Pensou bem. As idéias começaram a se formar. Era evidente que o falecido Gutierez tentava encaixar algum enigma ali,
fazia testes. Ele destruiu as conclusões, mas deixara aquelas pistas. Mas então, quando uma intuição brilhante
parecia prestes a emergir, Rafaele, filha única do coronel, adentrou o quarto furiosa.
- Deixe as coisas do meu pai em paz! Seu monstro!
- Quê?! Rafaele!?!? Por favor Rafaele me escute! É nossa única chance!!!
- Do que você está falando!?!? Você matou meu pai!
- Não Rafaele! Não matei seu pai! Ele se matou!
- Mentiroso! Canalha! Nós nunca devíamos ter confiado em você, seu s...

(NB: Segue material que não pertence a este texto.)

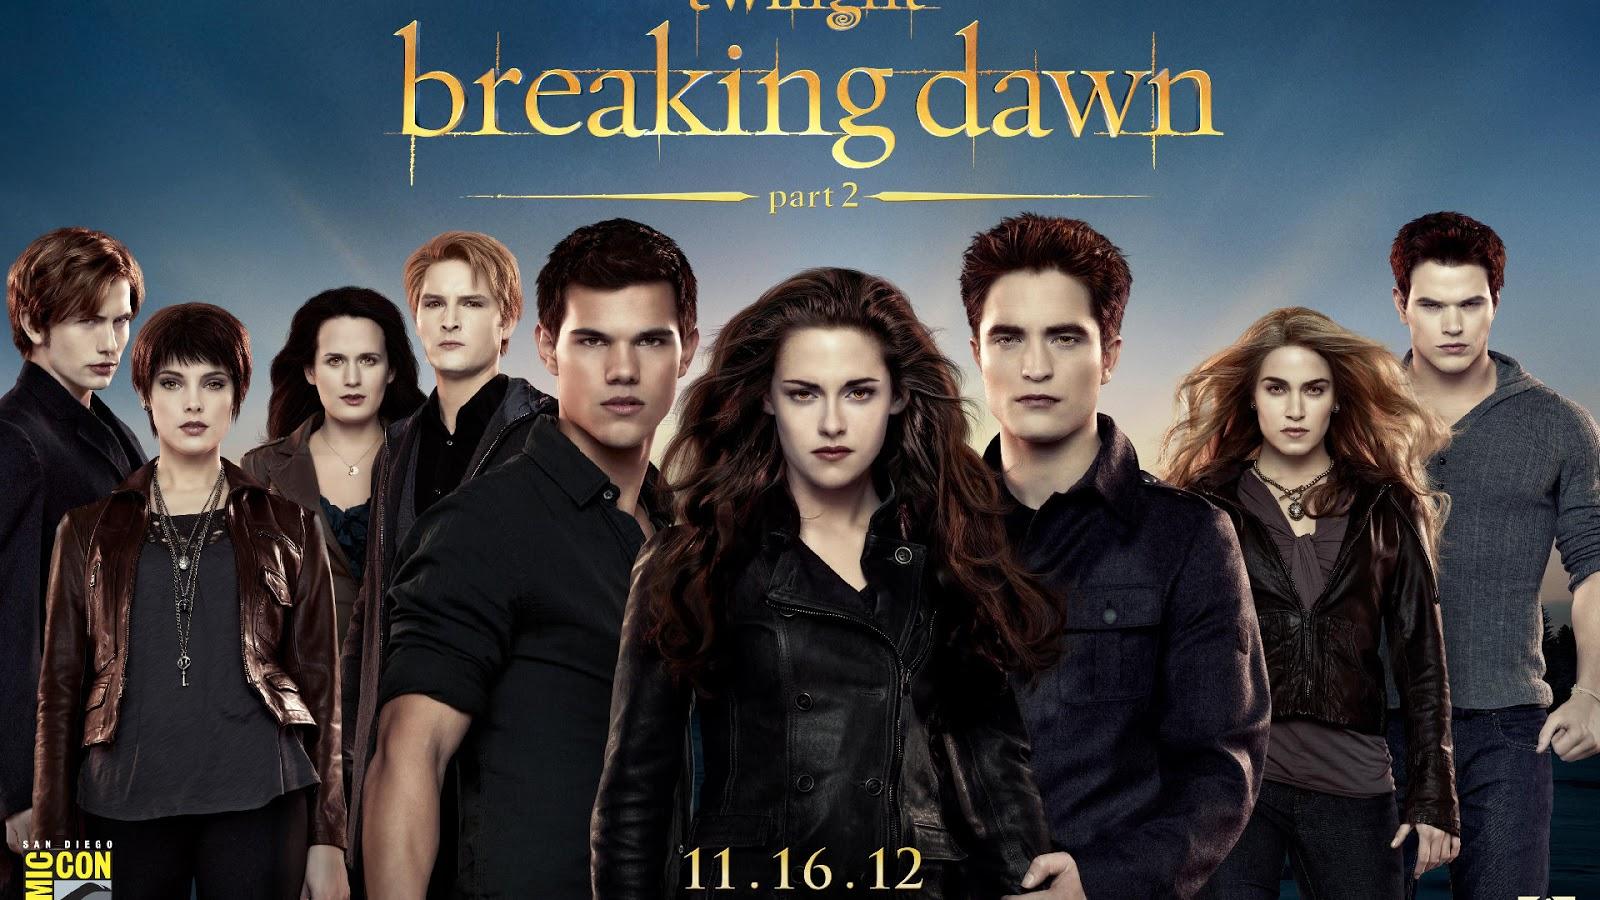 http://2.bp.blogspot.com/-LbNGuyEmJ_g/UKZ7jpGqACI/AAAAAAAAIzA/ai1tz3QXnDs/s1600/twilight+breaking+dawn+part+2+HD+wallpaper+Image6.jpg

Rapidamente esbofeteada, Rafaele se calou, mas apesar de durão, o general sempre soube representar, e logo assumiu
um ar de quem não gostou do que havia feito, lançando mão de certos típicos papéis canastrões.
- Me desculpe! Mas você tem que se controlar! Estamos prestes a ser invadidos!
A moça se recompôs, humilhada, embora assentindo que tinha que agir de outra maneira.
- Eu... Eu sei.
- Então temos que agir! E minha única esperança é descobrir algumas informações sobre seu pai!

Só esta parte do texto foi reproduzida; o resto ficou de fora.